If you’re attempting the exam, good luck and I hope this was useful. Once you have tried it or got your results please comment below on how you did and any more tips you may have, it would be great to here what approaches other people took.
Tim Nolan
June 11, 2014Thanks James, a bunch of us are planning on taking this exam, and this is great insight. I will return after going through the test and add any comments I think Appropriate.
Thoric
June 15, 2014James, I have to agree with you. This exam was very hard, and I think in hindsight it’s a bit like taking two (or even three!?) CLD exams simultaneously. You need to produce a functioning PC, Real Time and FPGA combined solution in the same 4 hours. I wouldn’t recommend this exam to anyone who has only recently passed the CLD, because they’ll be in for a shock.
With a bit of assistance from the LabVIEW Project Templates I think I managed a solution that will scrape me through the marking requirements, although I foolishly concentrated on documentation and icon designs for each new VI, control and library, and you rightly point out that it’s worth only 5%.

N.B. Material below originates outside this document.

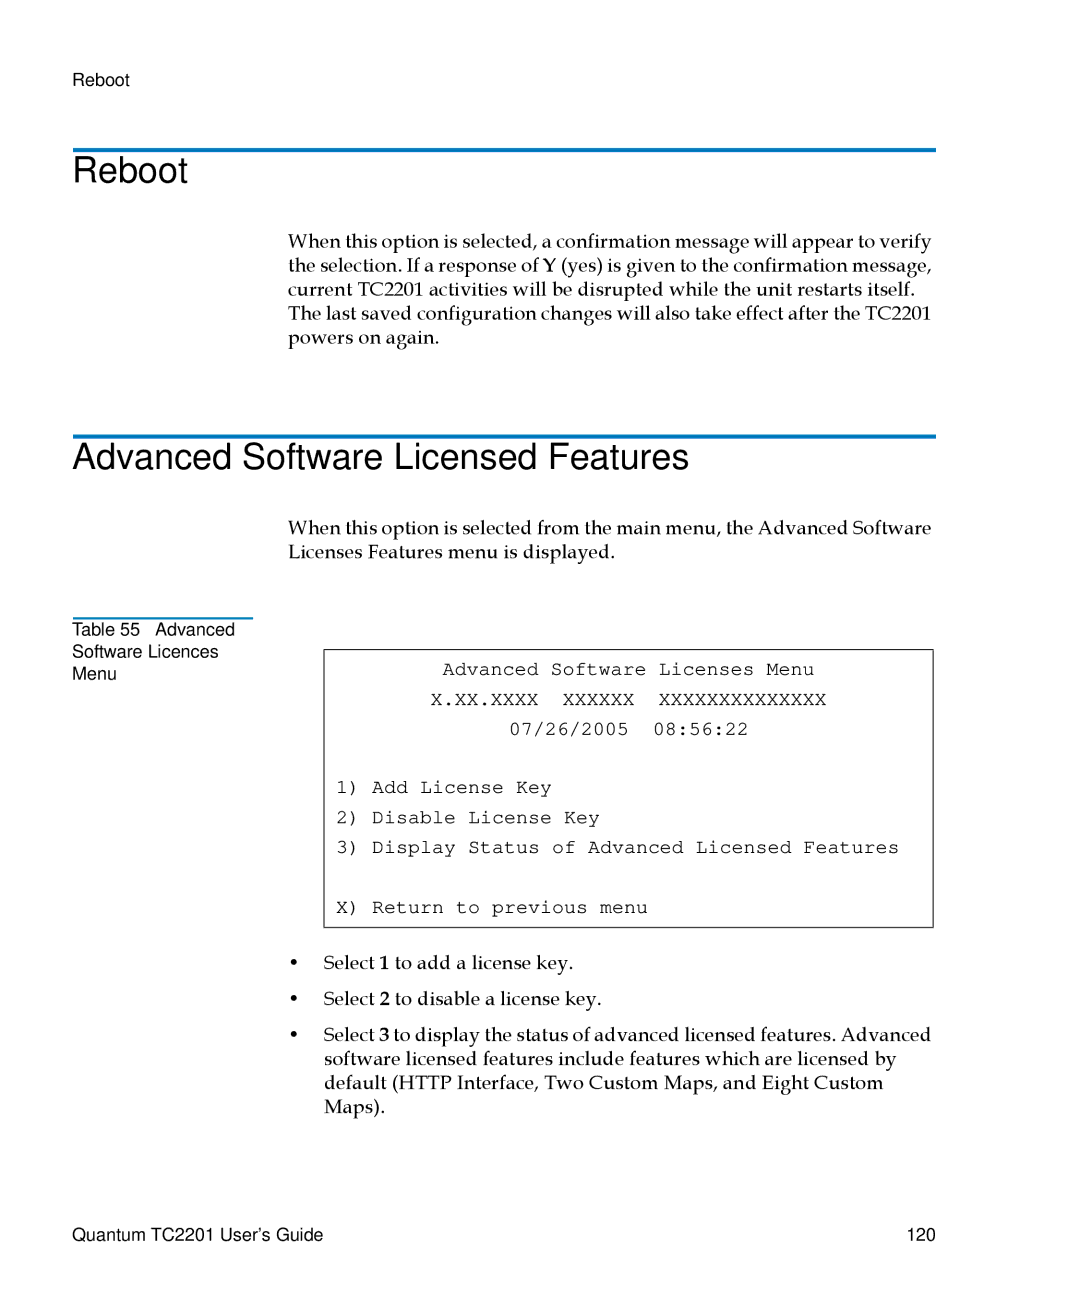 Quantum TC2201 manual Reboot, Advanced Software Licensed Features

When I was close to the end I realised I could have designed it better, but with typical test anxiety affecting me it was hard to use pen and paper to properly design the solution before grabbing that mouse to ‘code and fix’ it! I’ve got my fingers crossed for a pass, but unlike other NI exams I wouldn’t dare say that I’m quietly confident this time.
David Catto
July 8, 2014Great articles James. Personally, I took the horizontal approach, but I can definitely see some benefits with the vertical. With lots of FPGA experience, my intention was to complete the FPGA code and get it compiled, to give me some confidence when tackling the rest. However, through-out the RT development, I ended up recompiling the FPGA a further 6 times anyway!!!!
Anyway, finally, the results are now in… Congratulations to the both of us!! 2 out of the first 4 UK CLEDs.
[Congrats also to the other 2 – Thoric (see above) and Neil Pate!]
Tobias Hamberger
July 13, 2014my opinion to the horizontal vs vertical strategy:
First, I wouldn’t code much for the host part -> horizontal
But I would do SOME poart of RT in parallel to FPGA
(until I’m sure that the FPGA code may work good together with the RT) -> vertical
Afterwards, when rest of RT code and host code is todo, I would prefert to finish RT codee first -> horizontal
…but my strategy would also depend on the real exam task!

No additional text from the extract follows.